French actress (1931–2021)

Françoise Arnoul (/fr/; born Françoise Annette Marie Mathilde Gautsch; 3 June 1931 - 20 July 2021) was a French actress who achieved popularity during the 1950s.

==Early life==
Born in Constantine, French Algeria, the daughter of stage actress Janine Henry and artillery general Charles Gautsch; she had two brothers.

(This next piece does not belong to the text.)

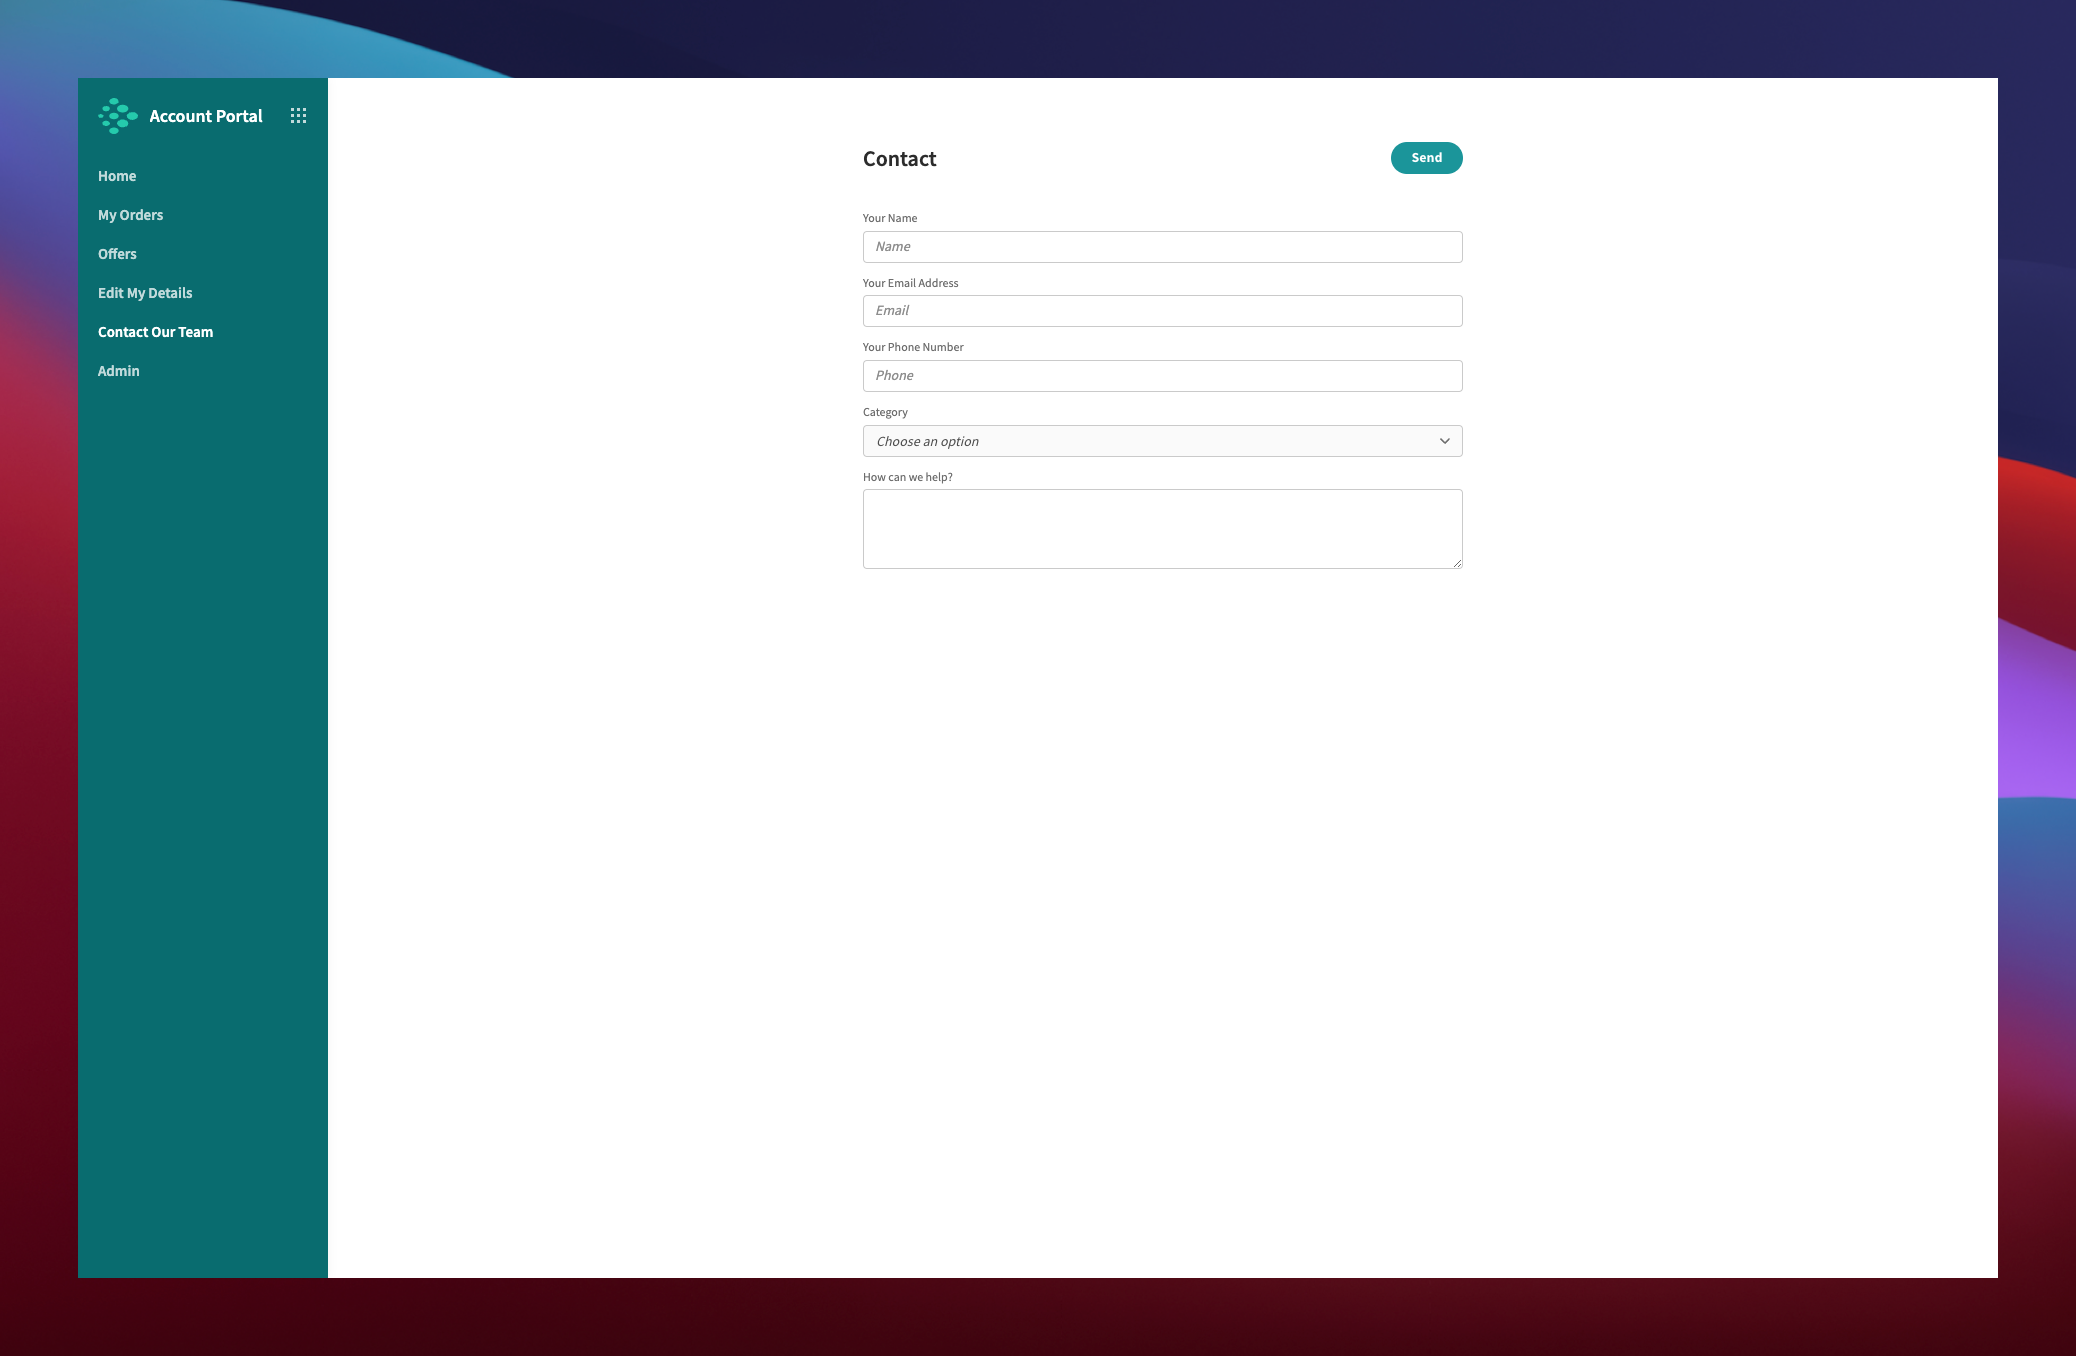 Customer Account Portal Contact Form UI

While her father continued military service in Morocco, the rest of the family moved to Paris, under the Provisional Government of the French Republic, in 1945.

==Career==
After studying drama in Paris, she was noticed by director Willy Rozier, who offered her a major role in the film L'Épave (1949).

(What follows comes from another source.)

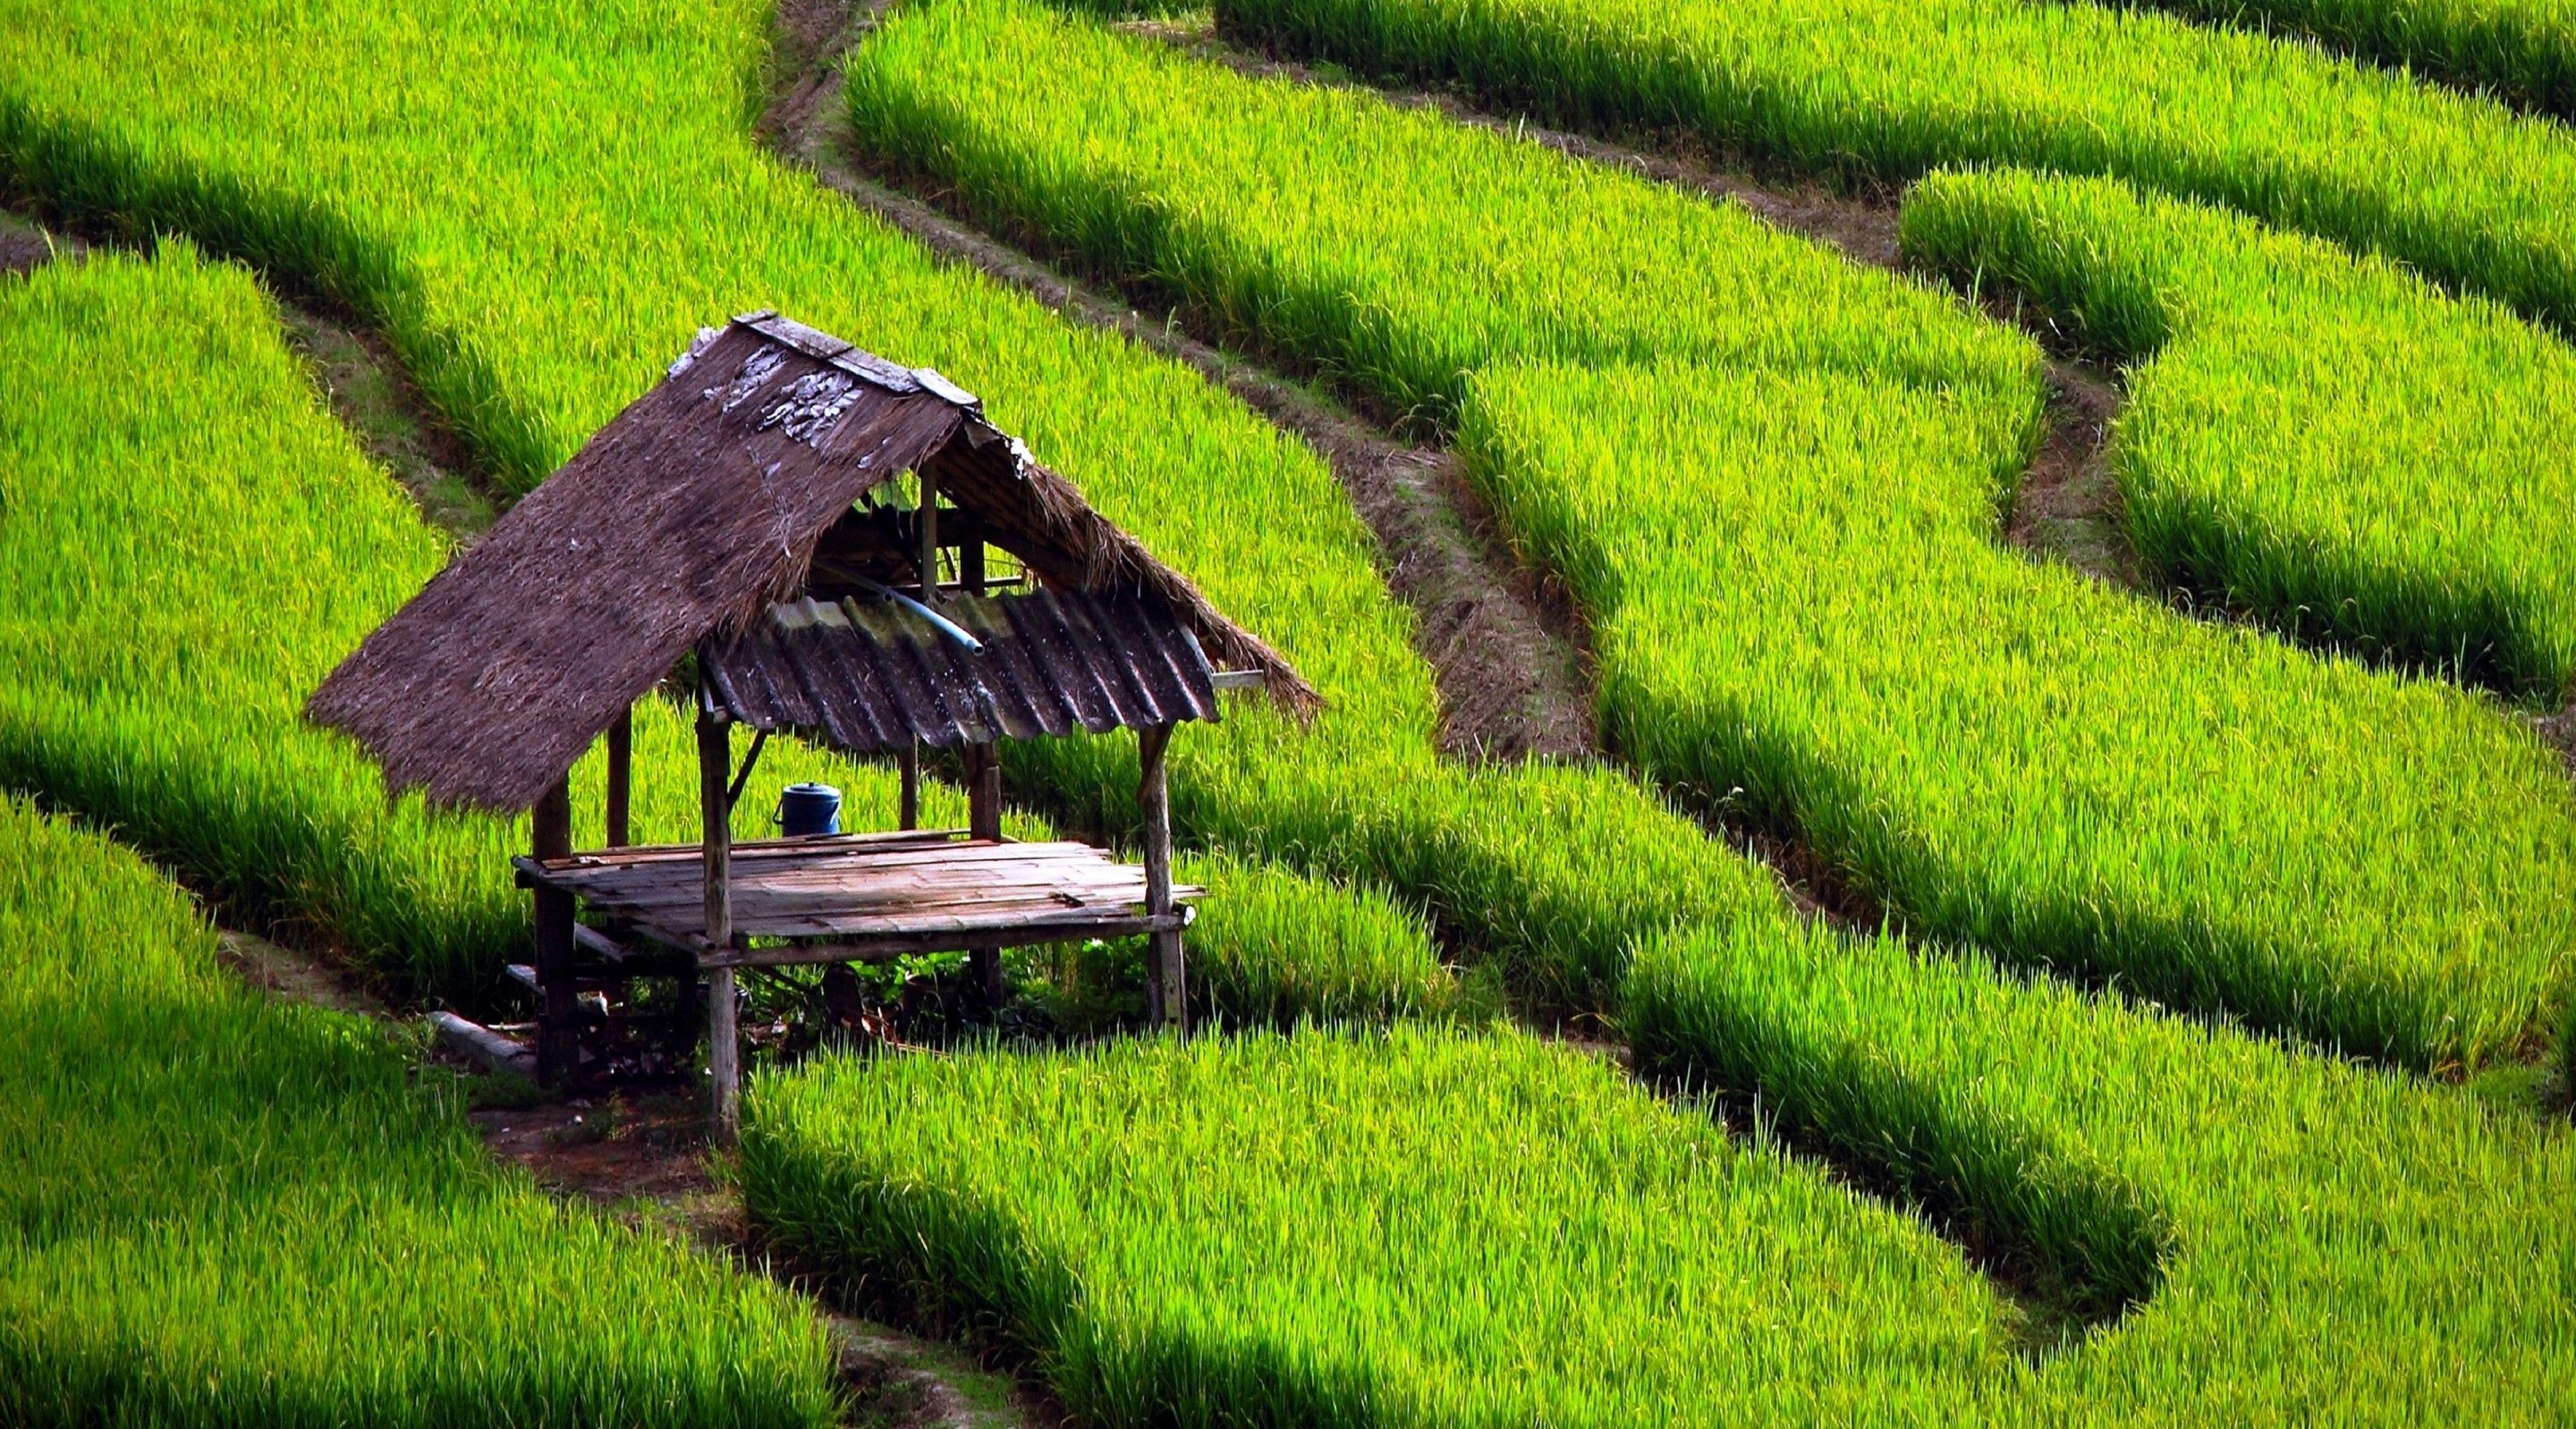 A hut inside green rice fields. Landscape wallpaper, Landscape

Arnoul starred in such films as Henri Verneuil's Forbidden Fruit (1952), Jean Renoir's French Cancan (1954), People of No Importance (1956) with Jean Gabin, Henri Decoin's The Cat (1958), Way of Youth (1959) with Bourvil, and Jean Cocteau's Testament of Orpheus (1960).

Her American film debut came in Companions of the Night (1954).

Later in life, she moved into television, appearing in various TV movies and mini-series and also turning to character parts. She published her autobiography entitled Animal doué de bonheur in 1995.

==Personal life==
In 1956, Arnoul married publicity agent Georges Cravenne, whom she had met two years previously; they separated in 1960. From 1964 on, she became the companion of French director/scriptwriter Bernard Paul, a relationship which lasted until his death in 1980.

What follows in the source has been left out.